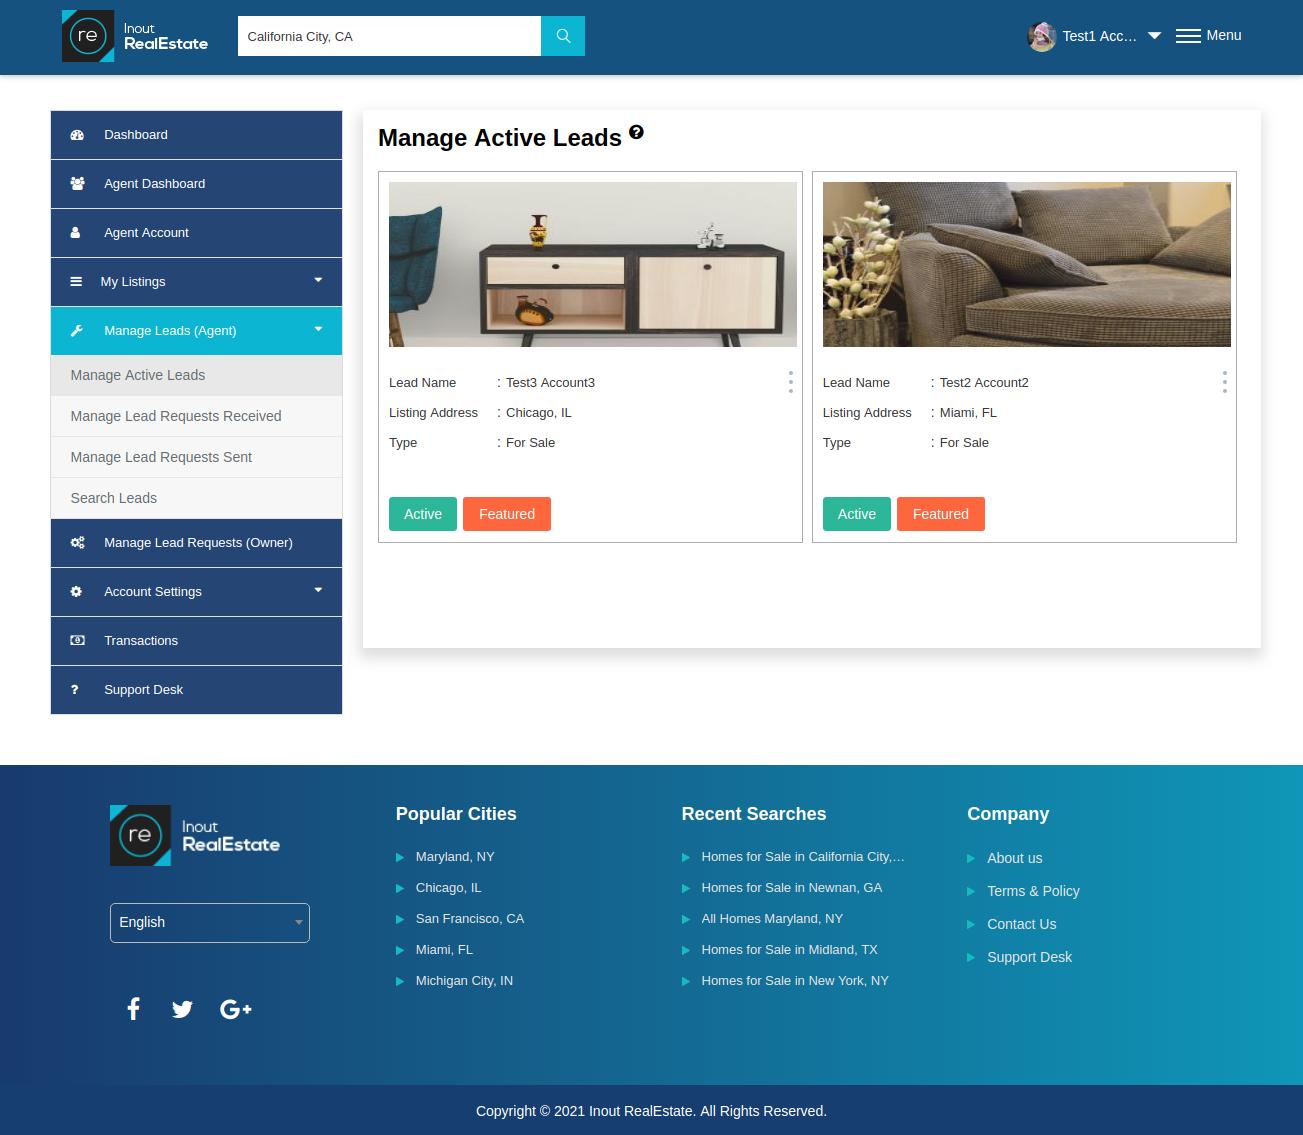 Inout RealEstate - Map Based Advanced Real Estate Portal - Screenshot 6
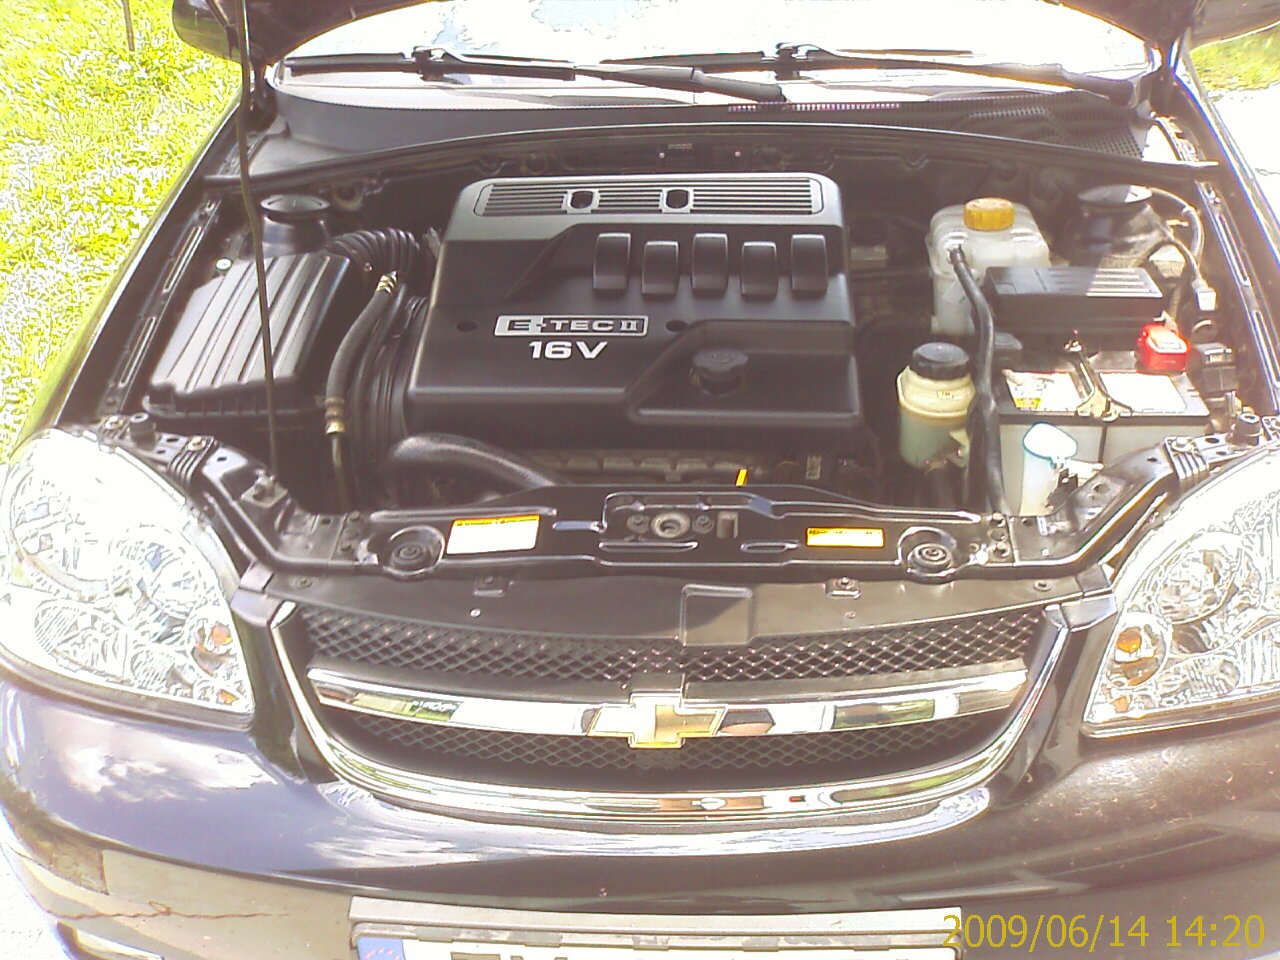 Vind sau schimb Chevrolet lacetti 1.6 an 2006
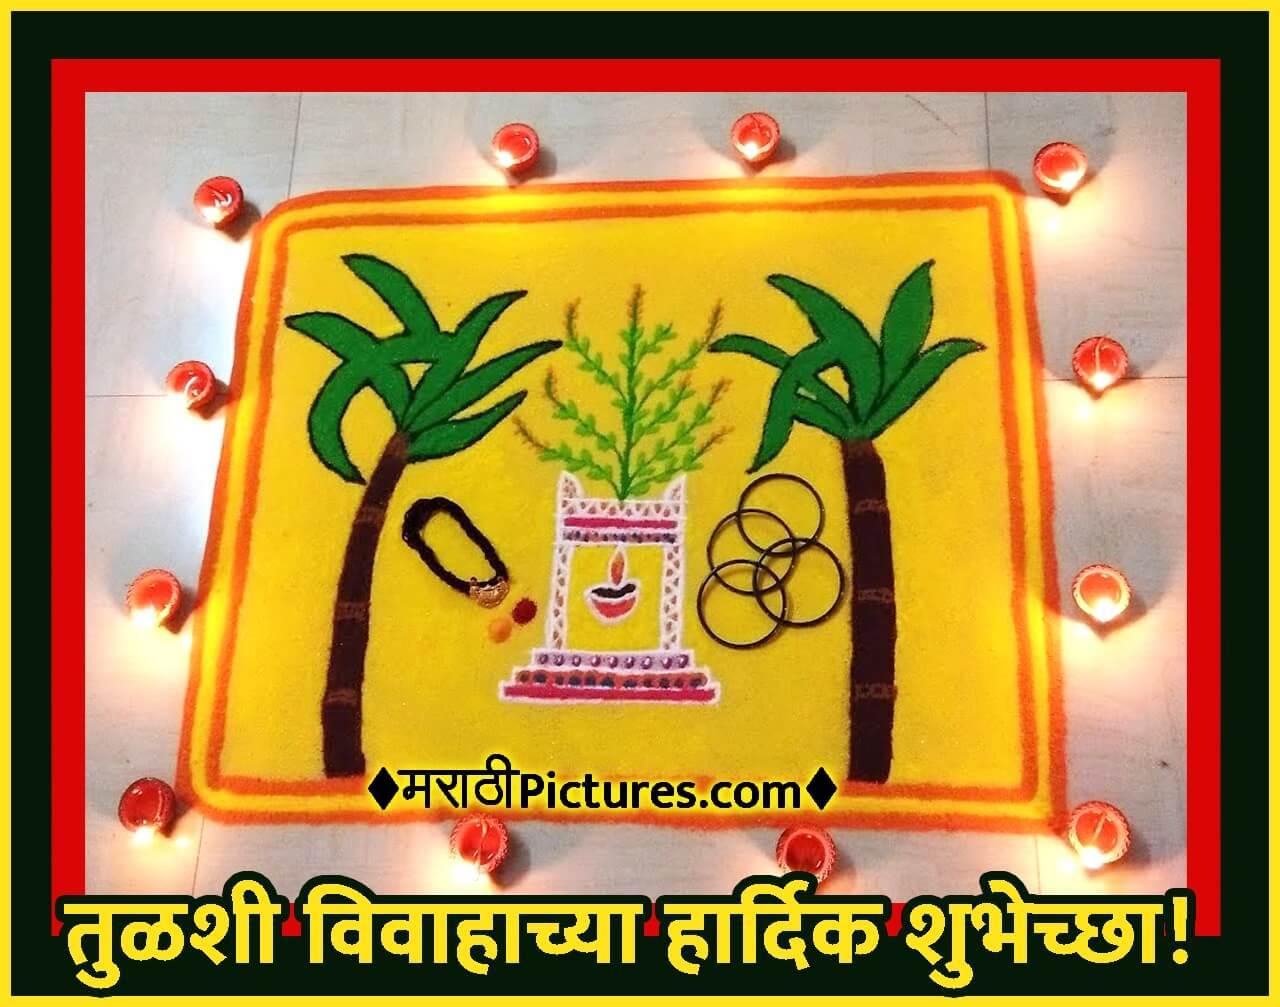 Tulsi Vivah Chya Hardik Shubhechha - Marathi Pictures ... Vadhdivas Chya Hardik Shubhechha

• Exercise goal:
Return, exactly as they stand, all of the lines above, but not the pictures.

• Solved problem:
 Inout RealEstate - Map Based Advanced Real Estate Portal - Screenshot 6
 Vind sau schimb Chevrolet lacetti 1.6 an 2006
 Tulsi Vivah Chya Hardik Shubhechha - Marathi Pictures ... Vadhdivas Chya Hardik Shubhechha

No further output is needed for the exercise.